If it is a regular RC low pass then remember the resistor would have a constant voltage across it with a current source and that goes across all frequency. So the only thing left to change is the voltage across the capacitor, which would go down with frequency.

But one other little thing...the input was specified as a current source, but how should we interpret the output? Should we still take the voltage across the cap to be the output, or did you want us to take the CURRENT through the capacitor as output now? This question makes sense because if you changed the input type you may also be wanting to change the output type too. The answer to this one is even easier

 

[gauthamtechie]

Sorry about the First Point. I mistook the idea of replacing T networks with Pi networks et all while reading filters and how to replace voltage source with current sources.
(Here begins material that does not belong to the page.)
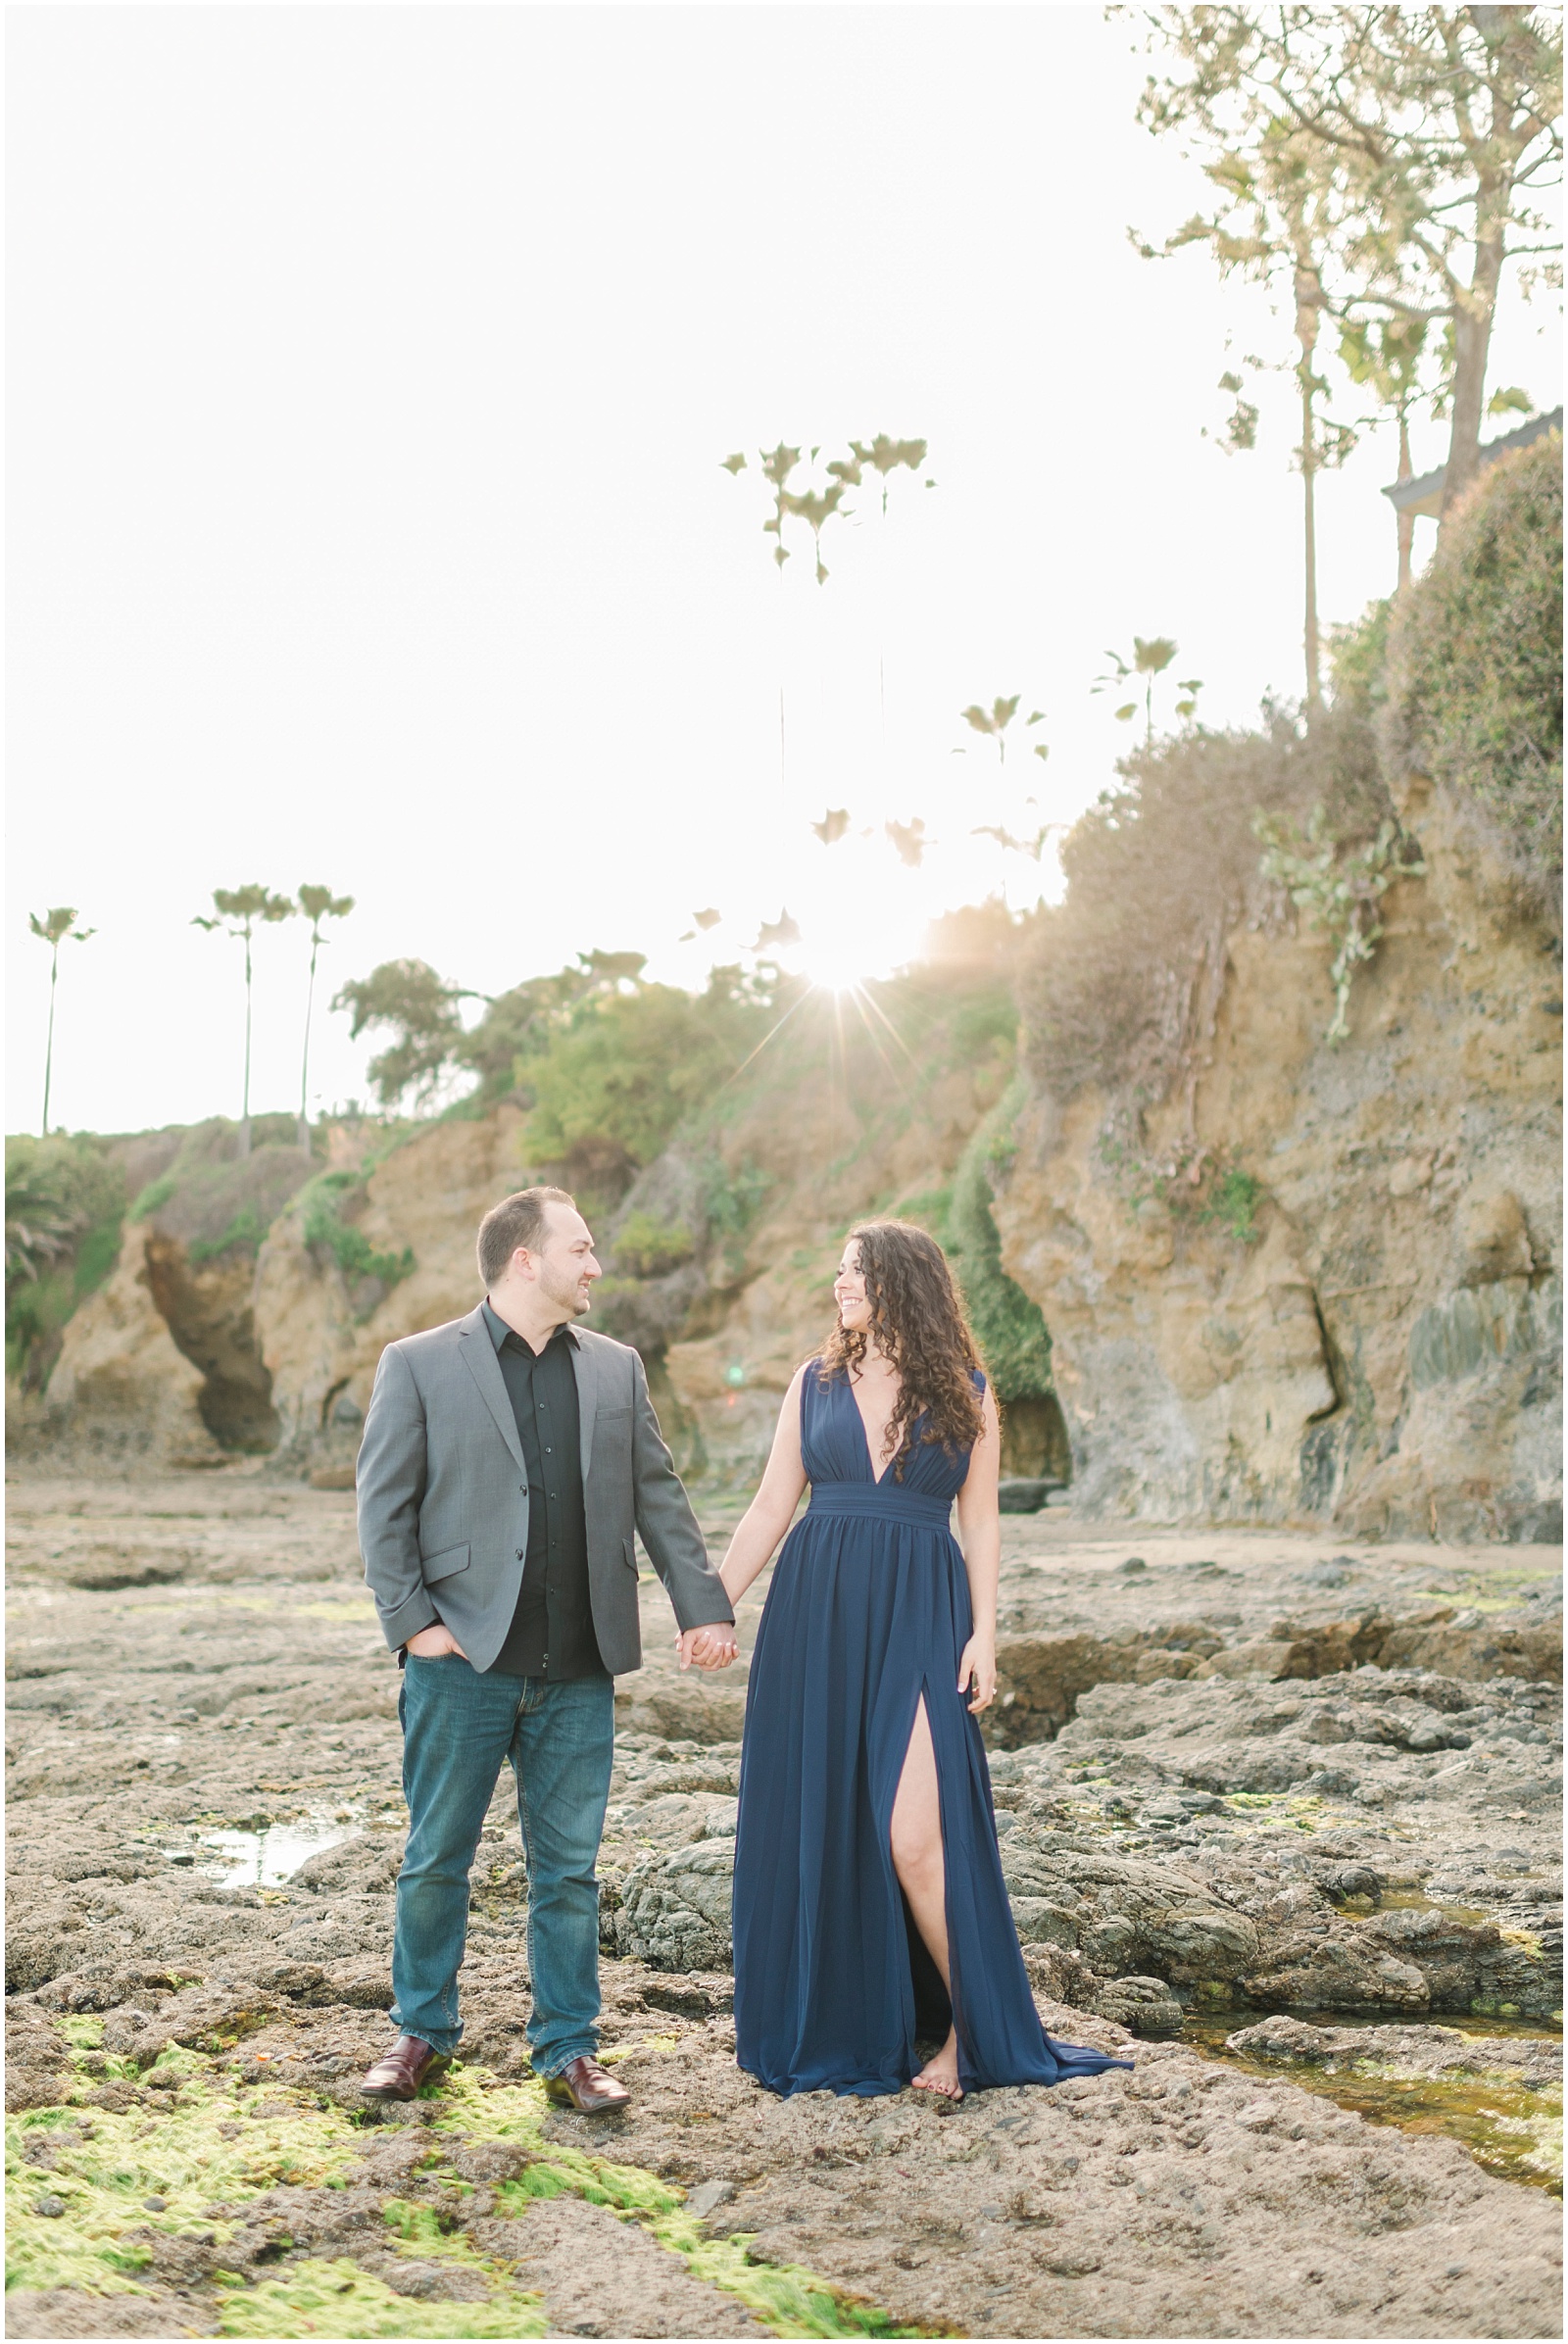 Laguna Beach Engagement Session. Photography by Mollie Jane Photography.  To see more, go to www.molliejanephotography.com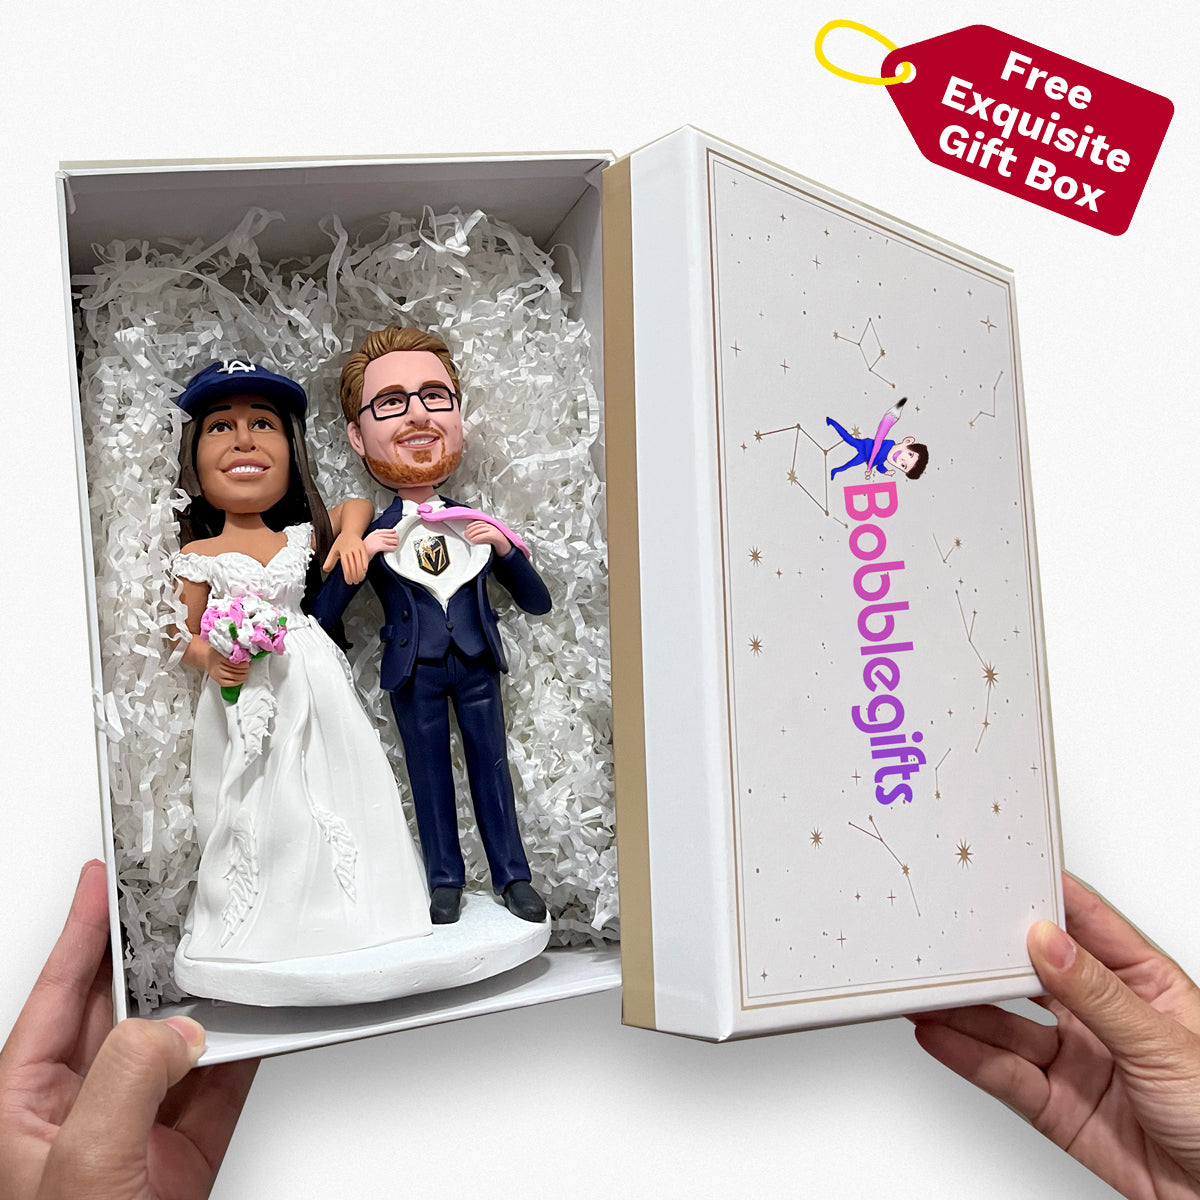 Mother of Bride Personalized Bobbleheads

And point 2 , do you mean since current across a capacitor is supplied by current source, it is the voltage across the capacitor which is a consequence of this current? Rather than I= C dv/dt, is it that the voltage now is just the integral of the current since the current is defined and kept at a certain peak amplitude by my current source?

 

[MrAl]

Hi,

Well if you take I=C*dv/dt you can rearrange to get dv=I*dt/C, no big deal right? And there we are solving for the change in voltage and we can easily see that as I gets bigger dv gets bigger too, however as dt gets smaller (faster frequency) then dv gets smaller too. That's a little indirect though.

Since we are working with AC here, it helps to look at it from the standpoint of impedance, where impedance Z=1/jwC with w=2*pi*f, so now we have an equation more directly in terms of frequency f. So the current I is:
I=E/Z
where E is the applied AC voltage, or if again we rearrange, we have:
E=I*Z

and substituting:
E=I/jwC

and just the magnitude:
|E|=I/wC

so we end up with:
E=I/(2*pi*f*C)

and here we see that the voltage E decreases with frequency because f is in the denominator of the right hand side.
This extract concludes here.